The indicator that is used is the Labour Force Participation Rate (LFPR), which provides the percentage of all people of working age who are employed or are seeking work. However, it excludes individuals who are neither working nor looking for work like students, pensioners, housewives, etc. While the report acknowledges that there’s work done by housewives along with the care work which goes into the sustenance and growth of the economy but is invisibilised on an everyday basis, it’s not included in the report. The disparity in LFPR has been consistent (77.2 for males and 32.8 for females in 2021-22) over the years with higher precedence in urban areas than rural areas, for which the reasons aren’t explored within an understanding that situates the circumstances. 

The aim of the report is to mark a shift towards an inclusive and sustainable development process, which requires increasing women’s labour force participation, removing barriers to entry and access, improving conditions at workplaces, tackling gender disparity, and ensuring women workers have protection from exploitation in the informal economy among other reasons.
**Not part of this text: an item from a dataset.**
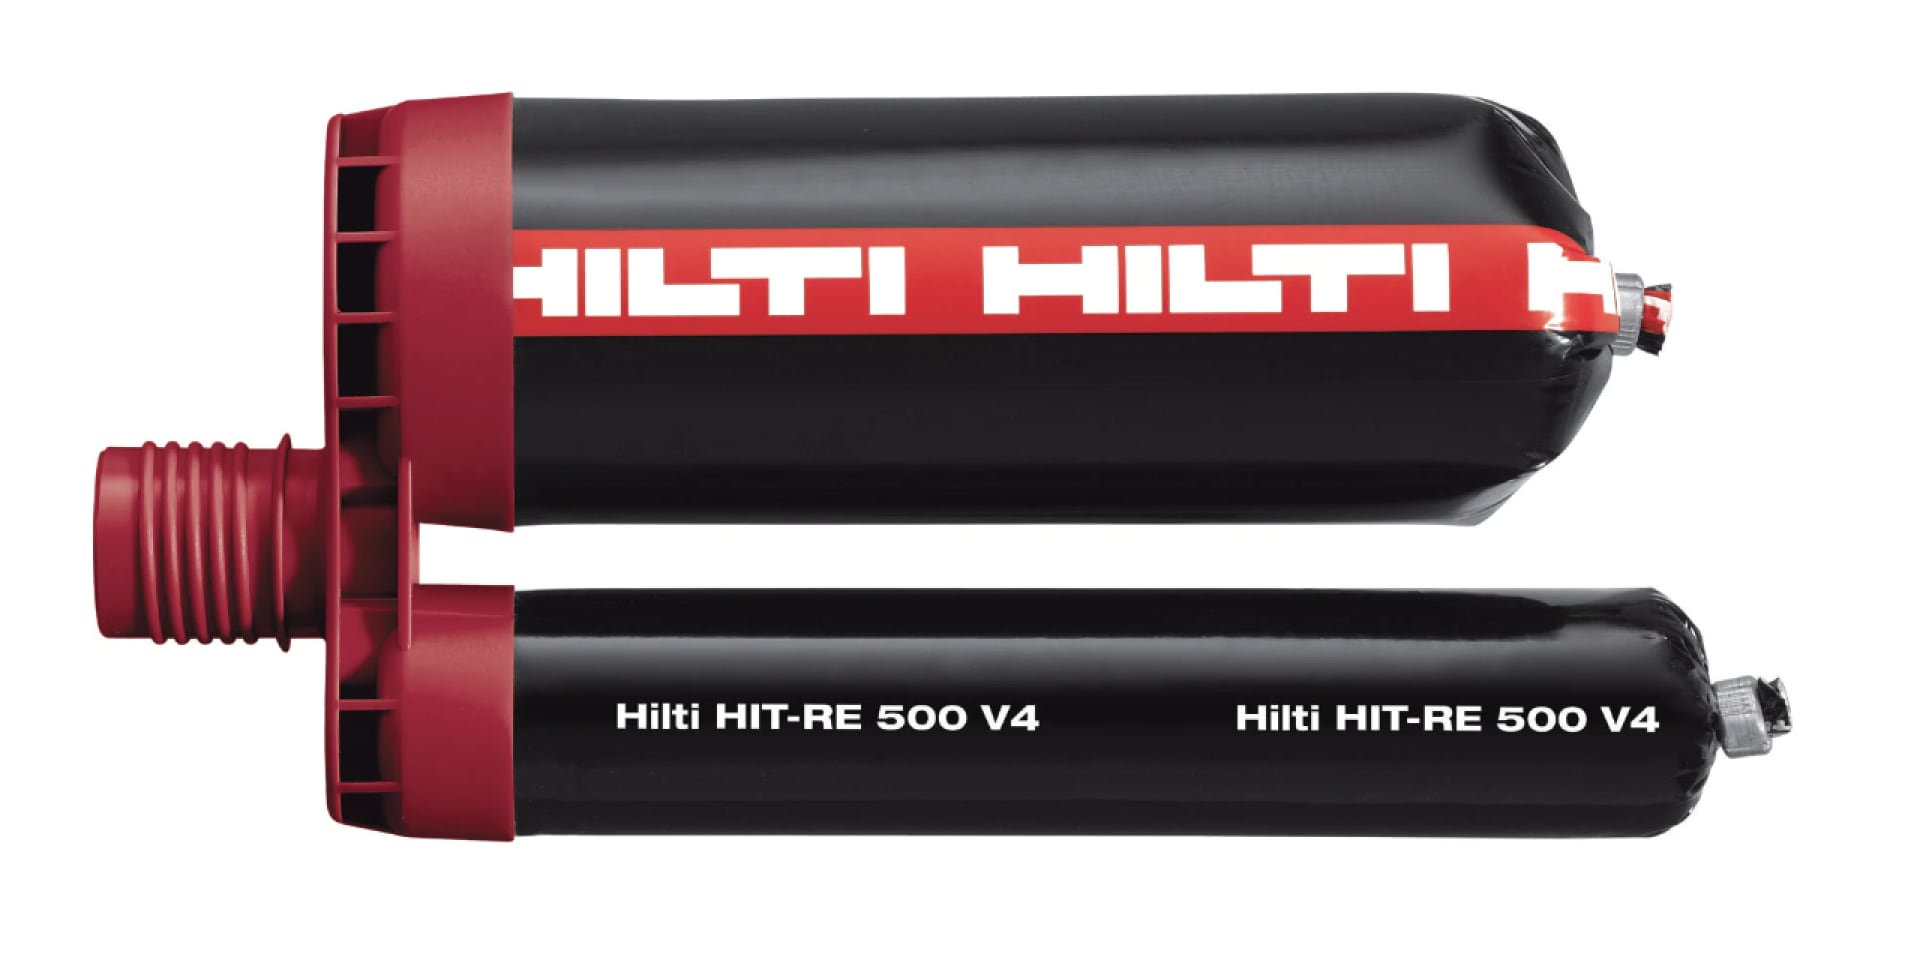 HIT-RE 500 V4

The section discusses “balancing the competing burdens of work and family responsibilities” which needs more clarification. The recommendations include incentive mechanisms, training, job reservations and a safe workplace environment. 

Another indicator utilised is the Worker Population Ratio (WPR) [shown in Figure 4.11 below], which informs what proportion of the population actively contributes to the production of goods and services. While a little more than half the population actively contributes from both rural and urban areas, the participation of women is again very low. The Average Wage for women workers was also lower compared to men, and lower for women in urban areas compared to rural areas. The worrying trend of a decrease in the participation of women as they climb up the education ladder is still present. 

In rural areas, major proportions of both males and females were self-employed and least were engaged in wage/salaried employment and while a higher number of women were self-employed, they were also higher in number as helpers in household enterprises.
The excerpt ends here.